• What the task asks
Every entry must come back exactly as it was written.
%%
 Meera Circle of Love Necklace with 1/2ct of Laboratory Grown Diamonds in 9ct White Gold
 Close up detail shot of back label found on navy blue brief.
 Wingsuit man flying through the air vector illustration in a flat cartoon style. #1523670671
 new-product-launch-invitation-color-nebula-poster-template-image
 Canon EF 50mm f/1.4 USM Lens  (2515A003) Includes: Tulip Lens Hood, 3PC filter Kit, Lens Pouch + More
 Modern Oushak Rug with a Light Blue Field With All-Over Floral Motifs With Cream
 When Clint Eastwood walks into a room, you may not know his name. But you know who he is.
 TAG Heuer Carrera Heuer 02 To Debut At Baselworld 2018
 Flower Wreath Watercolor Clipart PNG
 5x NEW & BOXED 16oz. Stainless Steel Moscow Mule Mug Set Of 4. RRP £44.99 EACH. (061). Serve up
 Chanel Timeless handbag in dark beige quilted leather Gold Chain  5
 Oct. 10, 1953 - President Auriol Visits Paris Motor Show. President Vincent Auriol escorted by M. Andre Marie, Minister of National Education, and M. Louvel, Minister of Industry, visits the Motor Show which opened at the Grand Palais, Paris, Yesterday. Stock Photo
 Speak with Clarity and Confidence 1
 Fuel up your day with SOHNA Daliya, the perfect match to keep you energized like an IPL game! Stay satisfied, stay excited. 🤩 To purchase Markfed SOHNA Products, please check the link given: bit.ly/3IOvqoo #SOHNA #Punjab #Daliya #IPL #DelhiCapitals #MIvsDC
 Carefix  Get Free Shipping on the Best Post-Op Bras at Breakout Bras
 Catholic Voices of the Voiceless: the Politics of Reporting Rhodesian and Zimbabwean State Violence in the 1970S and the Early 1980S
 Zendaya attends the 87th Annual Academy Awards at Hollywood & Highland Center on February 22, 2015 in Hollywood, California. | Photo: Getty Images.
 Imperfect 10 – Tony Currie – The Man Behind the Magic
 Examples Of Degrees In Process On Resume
%%
• Solution for this problem
 Meera Circle of Love Necklace with 1/2ct of Laboratory Grown Diamonds in 9ct White Gold
 Close up detail shot of back label found on navy blue brief.
 Wingsuit man flying through the air vector illustration in a flat cartoon style. #1523670671
 new-product-launch-invitation-color-nebula-poster-template-image
 Canon EF 50mm f/1.4 USM Lens  (2515A003) Includes: Tulip Lens Hood, 3PC filter Kit, Lens Pouch + More
 Modern Oushak Rug with a Light Blue Field With All-Over Floral Motifs With Cream
 When Clint Eastwood walks into a room, you may not know his name. But you know who he is.
 TAG Heuer Carrera Heuer 02 To Debut At Baselworld 2018
 Flower Wreath Watercolor Clipart PNG
 5x NEW & BOXED 16oz. Stainless Steel Moscow Mule Mug Set Of 4. RRP £44.99 EACH. (061). Serve up
 Chanel Timeless handbag in dark beige quilted leather Gold Chain  5
 Oct. 10, 1953 - President Auriol Visits Paris Motor Show. President Vincent Auriol escorted by M. Andre Marie, Minister of National Education, and M. Louvel, Minister of Industry, visits the Motor Show which opened at the Grand Palais, Paris, Yesterday. Stock Photo
 Speak with Clarity and Confidence 1
 Fuel up your day with SOHNA Daliya, the perfect match to keep you energized like an IPL game! Stay satisfied, stay excited. 🤩 To purchase Markfed SOHNA Products, please check the link given: bit.ly/3IOvqoo #SOHNA #Punjab #Daliya #IPL #DelhiCapitals #MIvsDC
 Carefix  Get Free Shipping on the Best Post-Op Bras at Breakout Bras
 Catholic Voices of the Voiceless: the Politics of Reporting Rhodesian and Zimbabwean State Violence in the 1970S and the Early 1980S
 Zendaya attends the 87th Annual Academy Awards at Hollywood & Highland Center on February 22, 2015 in Hollywood, California. | Photo: Getty Images.
 Imperfect 10 – Tony Currie – The Man Behind the Magic
 Examples Of Degrees In Process On Resume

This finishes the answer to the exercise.